Medicare's Flawed Adjustment Methodology
The methodology Medicare uses to adjust the billions of dollars it pays health plans and hospitals to account for how sick their patients are is flawed and should be replaced, according to study by Dartmouth Atlas Project investigators published in the journal BMJ in April 2014.
A release from the university explains that the team compared Medicare's current risk-adjustment methodology, which is based on the diagnoses recorded in patients' claims records, against adjustment indices based on wealth and health. The study found that using indices pegged to a region's poverty rate or the overall health of its population do a better job of explaining the mortality rate of local Medicare populations than the current diagnosis-based adjustment method, raising questions about its efficacy.
The study is the fourth in a series to raise important questions about how the government accounts for differences in the severity of illness in populations so it can make "apples to apples" comparisons that do not to penalize plans or health systems whose patients are sicker than average. This risk adjustment is a critical factor in how Medicare evaluates hospitals' readmission rates, which affects their Medicare payments, and how it pays Medicare Advantage health plans. Diagnosis-based risk adjustment is also used in comparative effectiveness research and in academic research into variations in medical care across America.
Medicare payments to Medicare Advantage plans are projected to surpass $154 billion in 2014, and account for more than a fourth of total Medicare spending, according to the Congressional Budget Office. Medicare Advantage plans use the CMS – Hierarchical Condition Category (HCC) risk adjustment methodology to adjust their payments to health plans. HCC risk adjustment, based on the diagnoses recorded in claims, is so important to Medicare Advantage plans' revenue streams that a cottage industry has sprung up to help plans maximize their risk-adjustment revenue.

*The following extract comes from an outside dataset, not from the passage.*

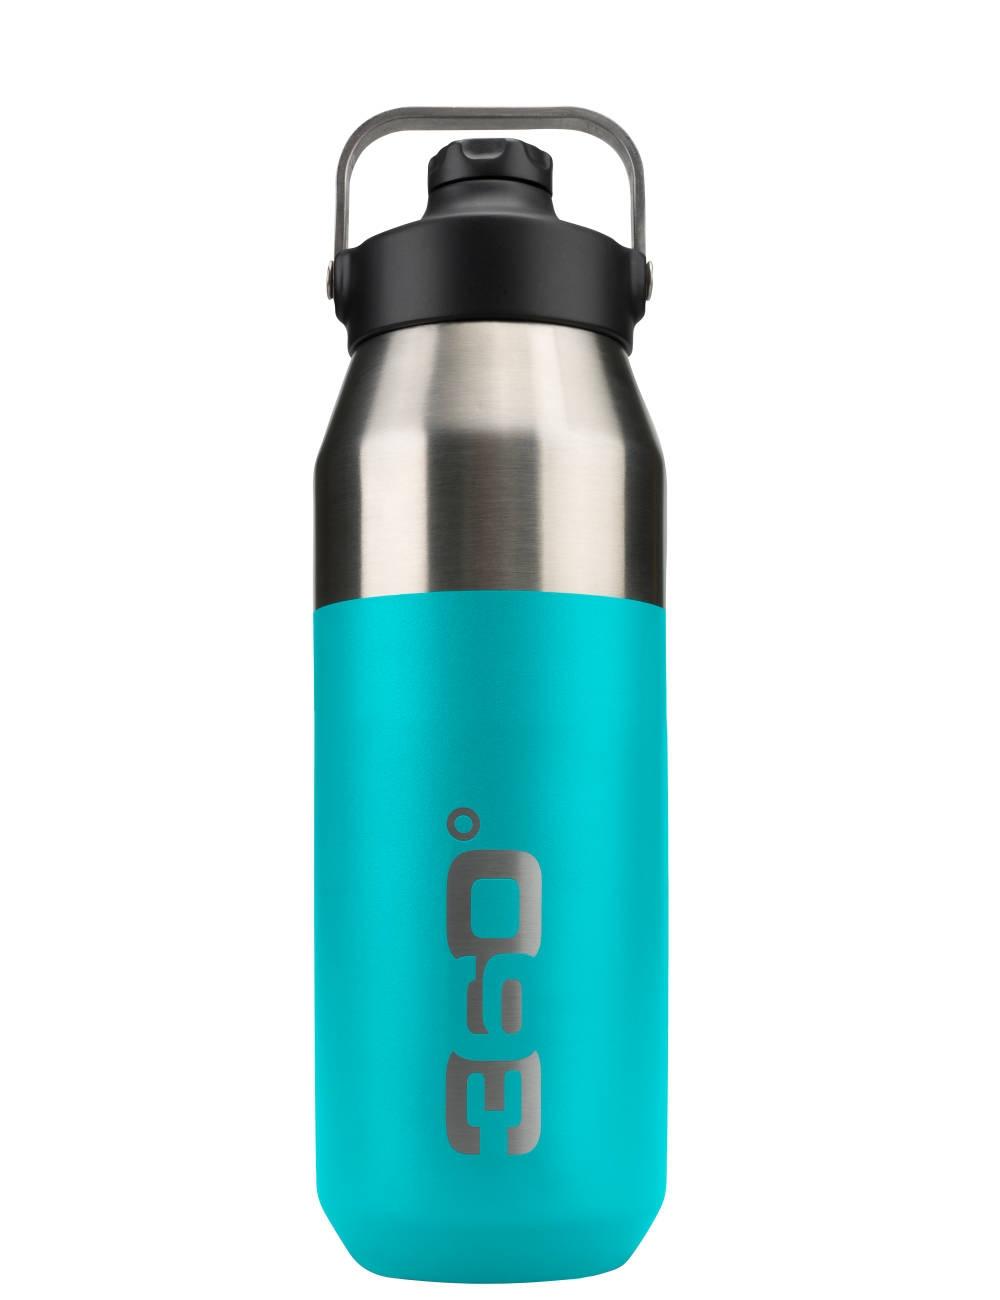 Bidon Izolator Inox 360 Degrees 750 Ml Cu Capac Si Dop Magnetic - Teal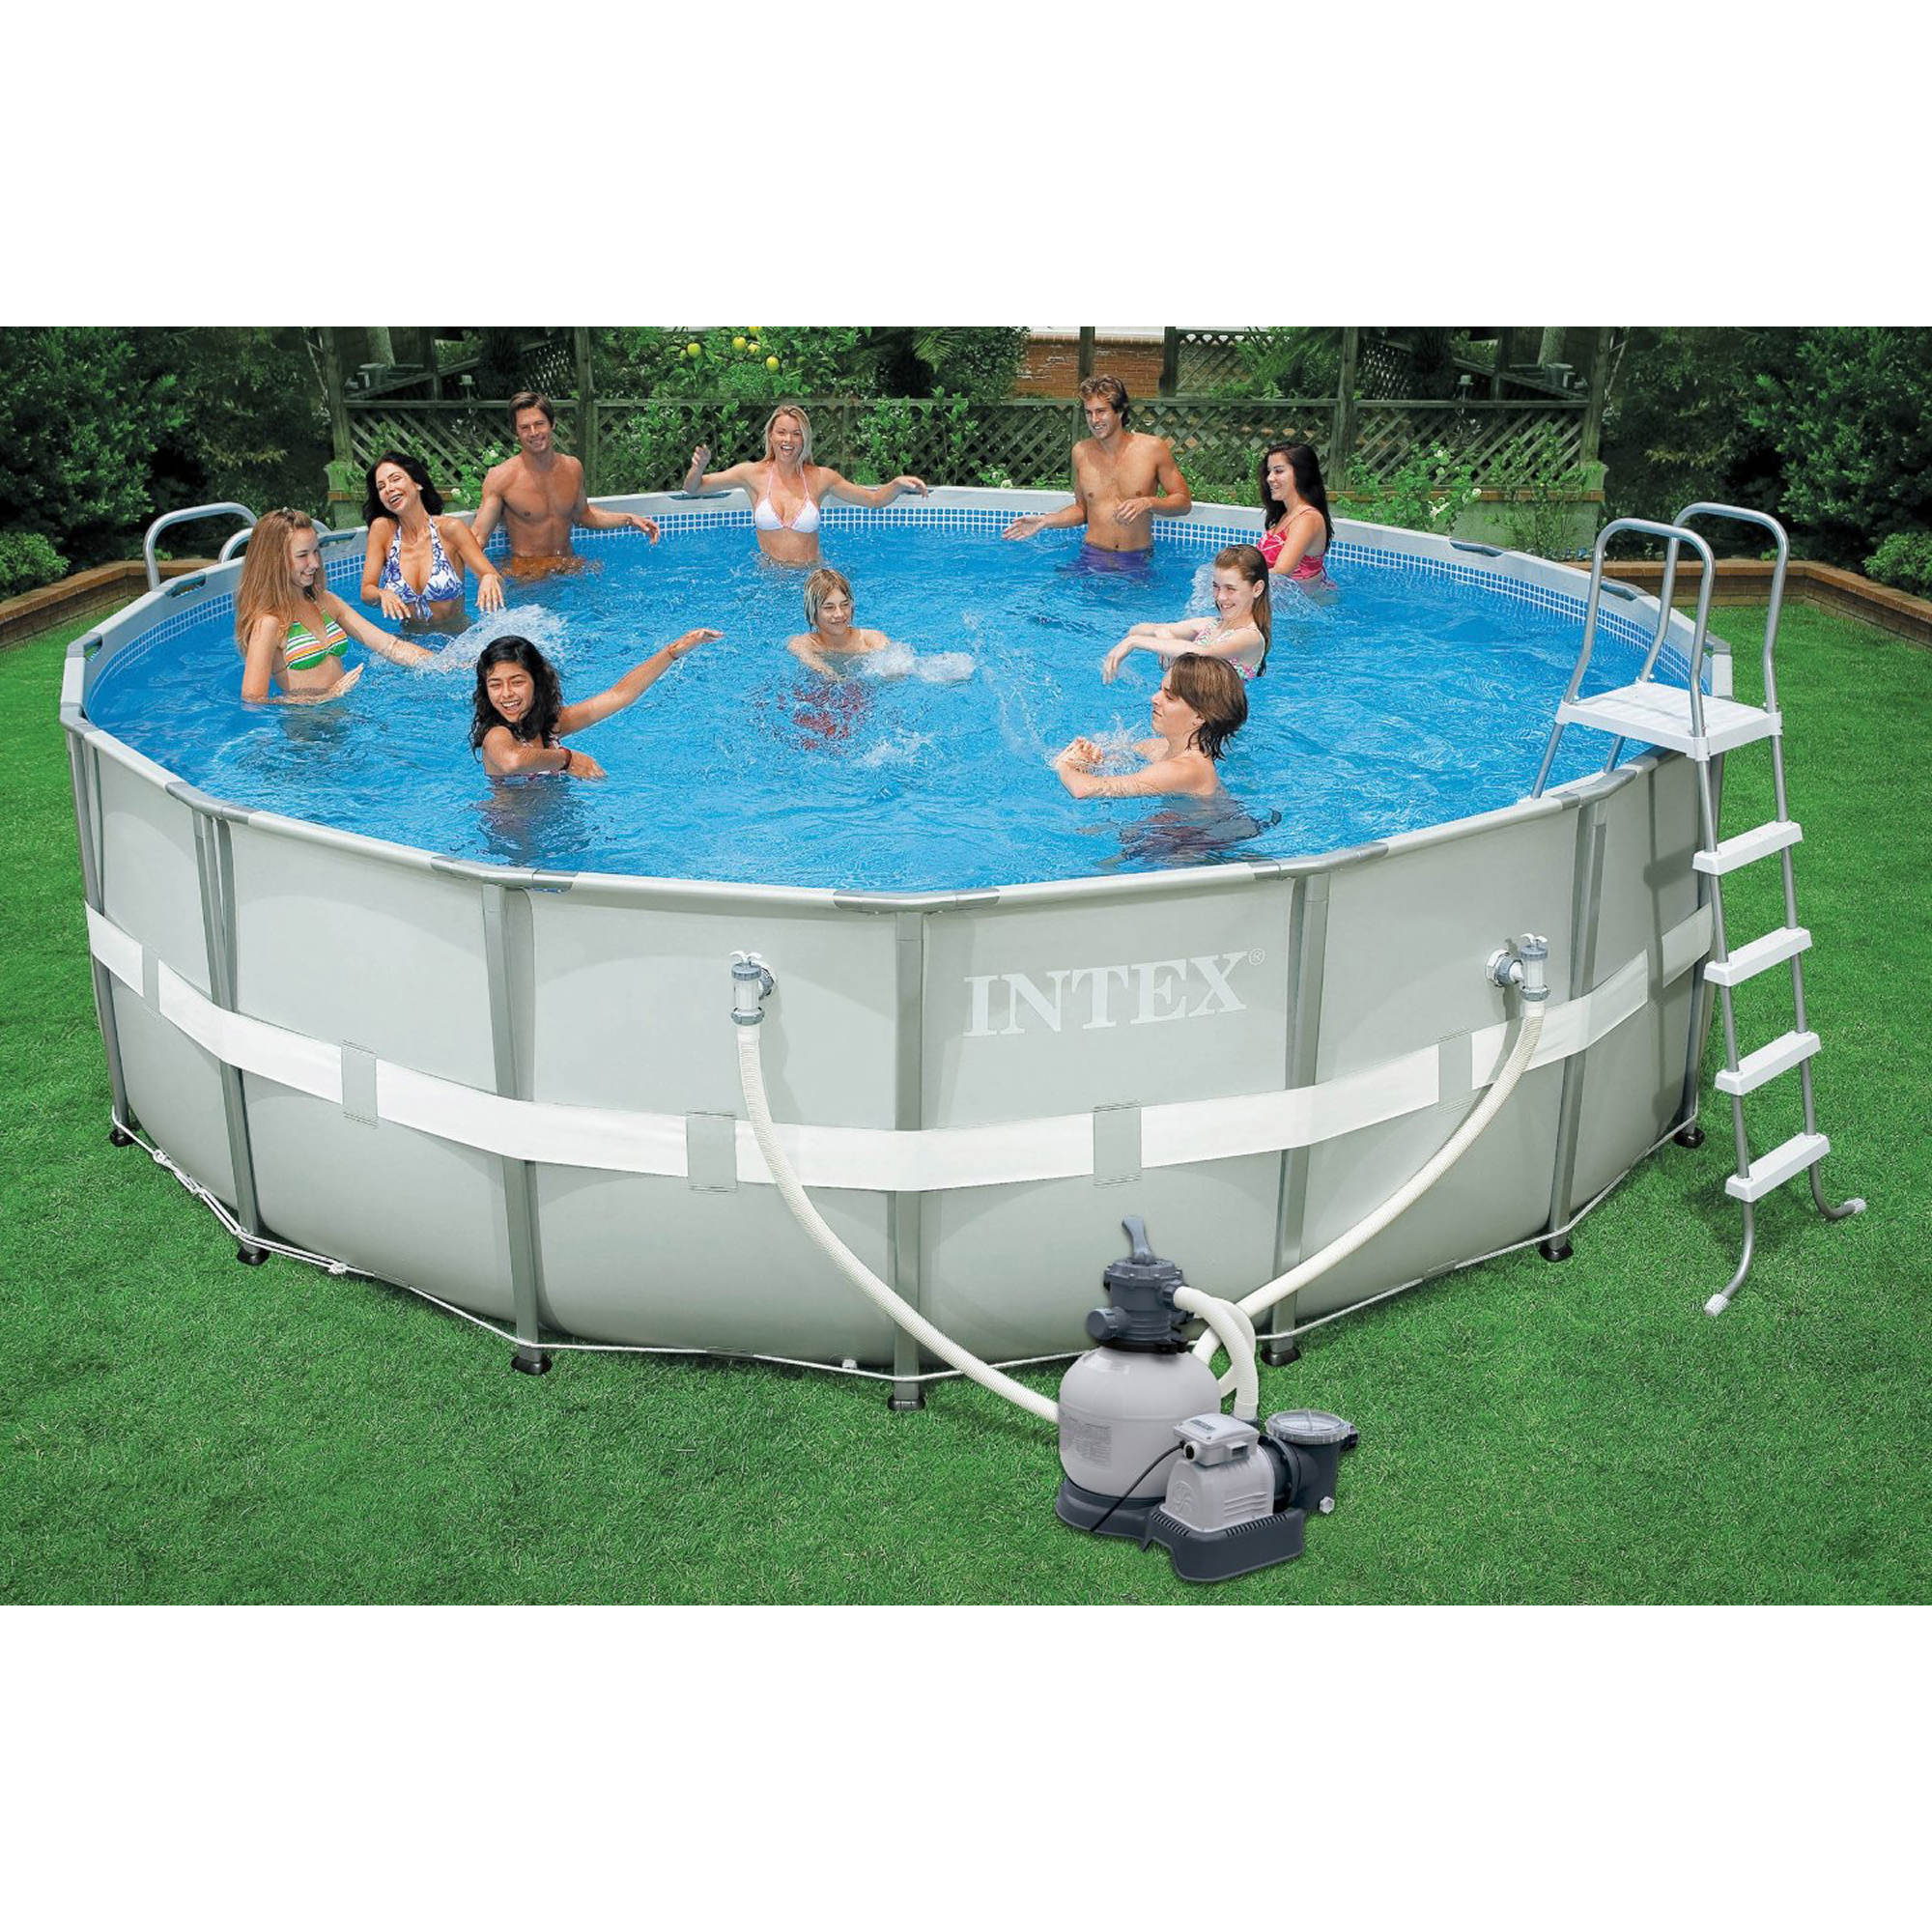 Intex 18 X 52 Quot Round Aboveground Ultra Frame Pool Bj S

The release quotes study leader David E. Wennberg, M.D., M.P.H. of Dartmouth Institute for Health Policy & Clinical Practice and the Geisel School of Medicine at Dartmouth College, as saying, "We can and should do better. Our body of work demonstrates that the way we adjust for risk now is biased, and when billions of tax dollars are at stake we need to hit the reset button. This paper gives a very good roadmap of how we can do risk adjustment right."